| The character: | Mame Dennis |
| The actor: | Rosalind Russell |
| The movie: | Auntie Mame (1958) |
Mame has the depth of a teaspoon, and it is in shallowness that her greatness lies. Auntie Mame has one of the most essential and insane sets of any film this side of The Ladies’ Man, and it’s because of Mame that it is in constant flux. She is authentically fascinated with something new every few months, the walls and doors and art change to match that fascination, and then the fascination disappears like what’s on top of a sinkhole. Mame’s short-term obsessions are deeply felt, and most importantly, they are her own. She doesn’t develop them because someone else tells her it’s fashionable to go whole hog on Chinese decor. Her fancy told her so.
Her fancy points, if a little belatedly, toward the nephew who has been orphaned and thus winds up with her. Patrick grows up to be the kind of bland heterosexual drip who didn’t get beat up enough at prep school, and this disappointment is deeply felt not just by Mame but by all of us moviegoers with a personality. (He manages to snap out of this Main Street/Wall Street foolishness by the end of the picture, but it’s clear that the damage has been done to him by the boys’ school and by university. There is tolerance in him, but he could no sooner grip his Auntie Mame’s life with both hands as he could grip a pan out of a hot oven.) As a boy, though, Patrick needs something to fill the void. He needed it before his father died, too, as his father was not present in his life in any real way. Mame fills that void in two ways. First, she, and her life, and her penchants, and her apartment are a lot. Second, while she may have forgotten that she was supposed to bring the boy into her life on such-and-such a day, she makes up for it quickly. While every other adult in Patrick’s life has viewed him as something which might cramp his style, Mame, who is most visible in the whims that characterize her style, simply enfolds him.

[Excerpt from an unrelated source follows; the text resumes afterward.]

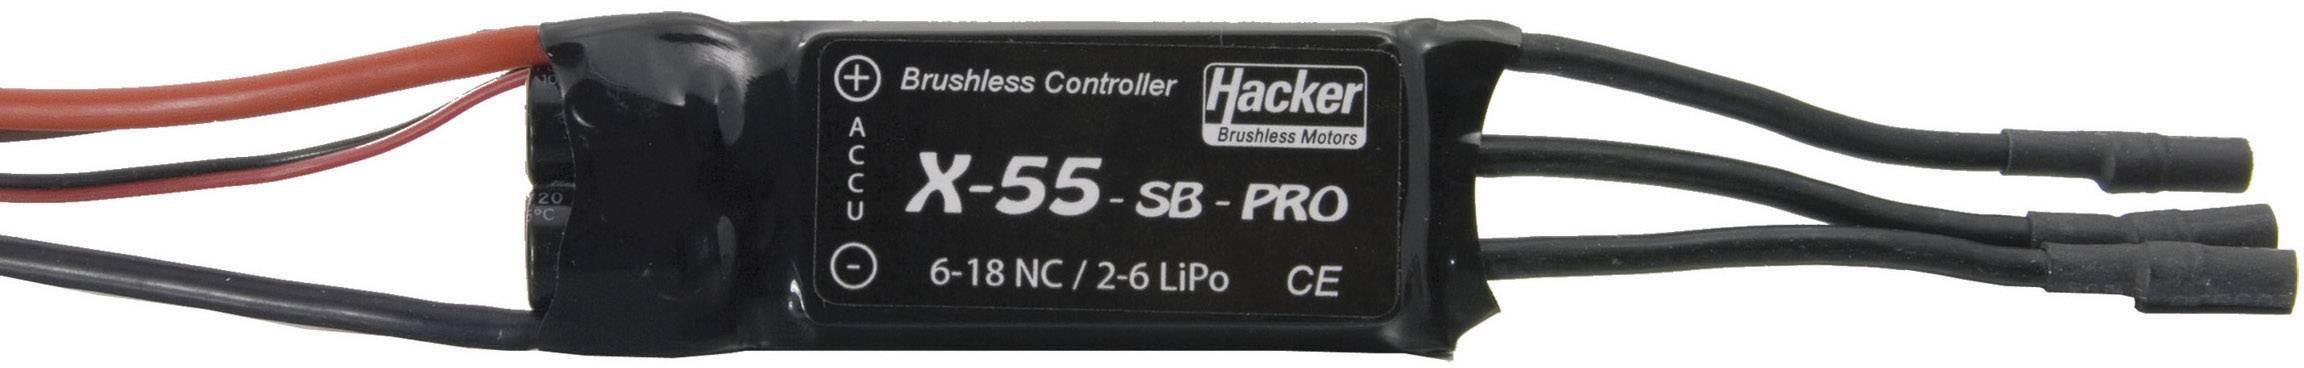 Regulátor otáček Brushless Hacker X-Pro, 8 - 18 NiCd / 2 - 6 LiPo, 55 A, JR

From that day forward, Patrick is part of Mame’s style. In that initial meeting, where she is hobnobbing up a storm and as distracted as a puppy in a field of butterflies and tennis balls, it seems like Patrick might be a prop just as much as her ornate decorations on her door. It turns out the opposite is true, and thus the key to Mame is unlocked. The individual expressions of her passion are fleeting. The passions themselves are not. To be shallow is not to be vapid. Perhaps a normal person is a teaspoon of honey, or grape Kool-Aid, or boiled potatoes. Mame Dennis is a teaspoon of cinnamon, ghost pepper, durian. The pale men who bounce up against her, a group which includes the grown Patrick, cannot stand such individual flavors, cannot cope with the bouquets and textures. If the world recoils against Mame, then it does so out of fear of an authentic flavor.